Every so often, a novel idea graces our community. The Flint Seed Democracy is a unique and growing group within the city’s limits, and hope is quietly growing with it. If you have any interest in growing your own produce, here’s a chance to spread both the seed and the word.
My City Magazine has mentioned The Flint Seed Democracy once before, in an article about Flint Soup published last June. Flint Soup awarded Flint Seed with a mini-grant, which mean that only six months after its start-up, the Seed Democracy was already on its way to becoming a more visible group in Genesee County. Today, the group is changing the way Flint residents grow and eat produce: through community.
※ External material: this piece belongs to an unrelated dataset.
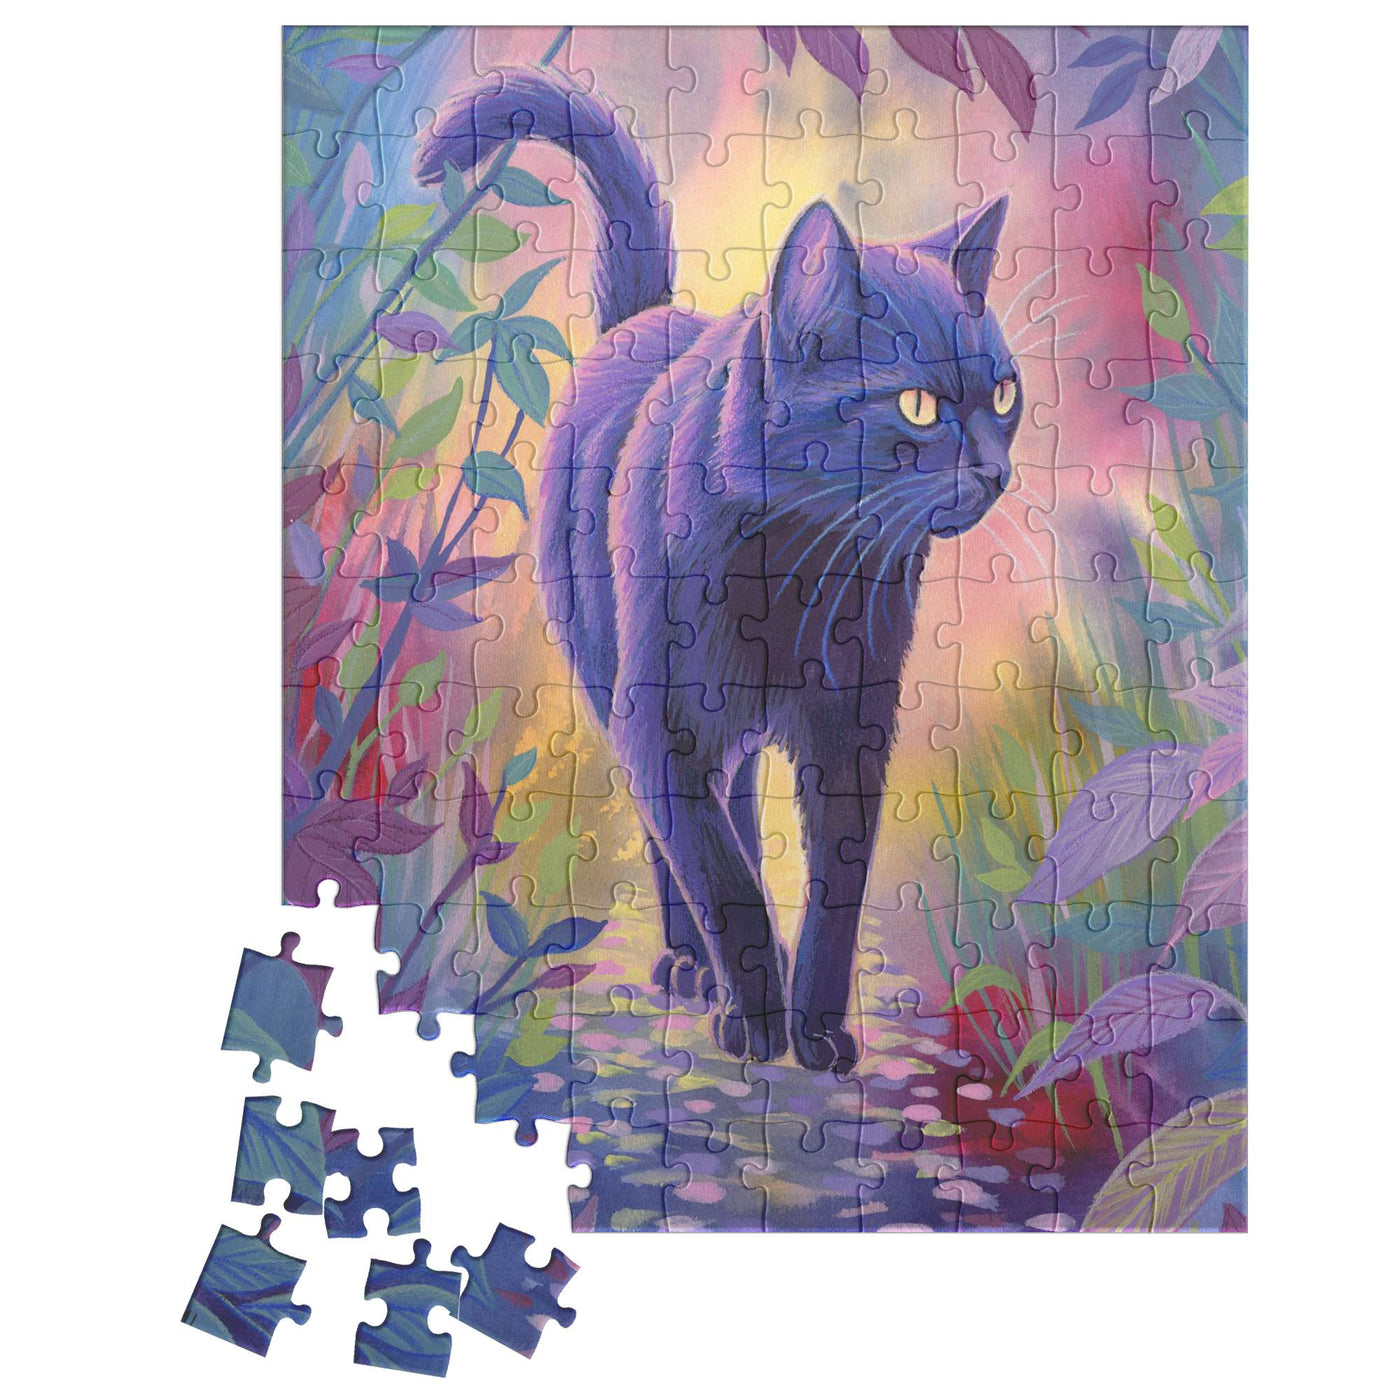 Cat Puzzle featuring an illustration of a black cat walking along a stone path surrounded by foliage, with puzzle pieces.

Early in 2013, Flint resident and agriculture aficionado Russ Bedford had an idea to help bolster the city’s emerging urban gardening trend. Inspired by two books on food culture, Renewing America’s Food Traditions and The Omnivore’s Dilemma, he felt moved to action concerning the state of Flint’s food culture. He recognized the need for increased variety of seeds and crops that could be adapted to Flint’s climate, and he wanted to break the oligopoly that commercial seed companies have on the market. In his own words, he wanted to make farming democratic again by “providing products that are free and encouraging development that is completely decentralized.”
Step one was obtaining seeds. Russ gathered donations from dozens of commercial organizations and packaged different seed variations of the same plant together, calling them “Reclaimed Seeds.” Grouping seeds this way for growth is “essentially adding new genes to our Flint gene pool,” says Russ. Reclaimed Seeds are free to anyone for planting, and those who take them are encouraged to grow a crop and bring the seeds from their resultant harvest back to FSD’s seed bank. The seeds they bring back are called “Grow Out” seed, so named because they come from a local farmer and not a commercial source. The idea is to create a variety of seeds exclusive to Flint that have adapted conditions here and are more likely to grow better over time.
In the world of agriculture, it typically takes six to seven years to make a sustainable new seed variation, one that has passed the tests of the soil and weather, and have not died in the process of annual sowing and reaping. At this point, those seeds that make the grade have the distinct honor of being called “The Flint Seed Democracy Seeds” because they are new and exclusive to Flint. This process is not especially easy, but the benefits are many. More varieties of seeds are especially good in agriculture, because, as Russ puts it, “trading seeds is what produced so many varieties of fruits and vegetables over time.” Simply put, trading seeds breaks up the monotony of one basic produce.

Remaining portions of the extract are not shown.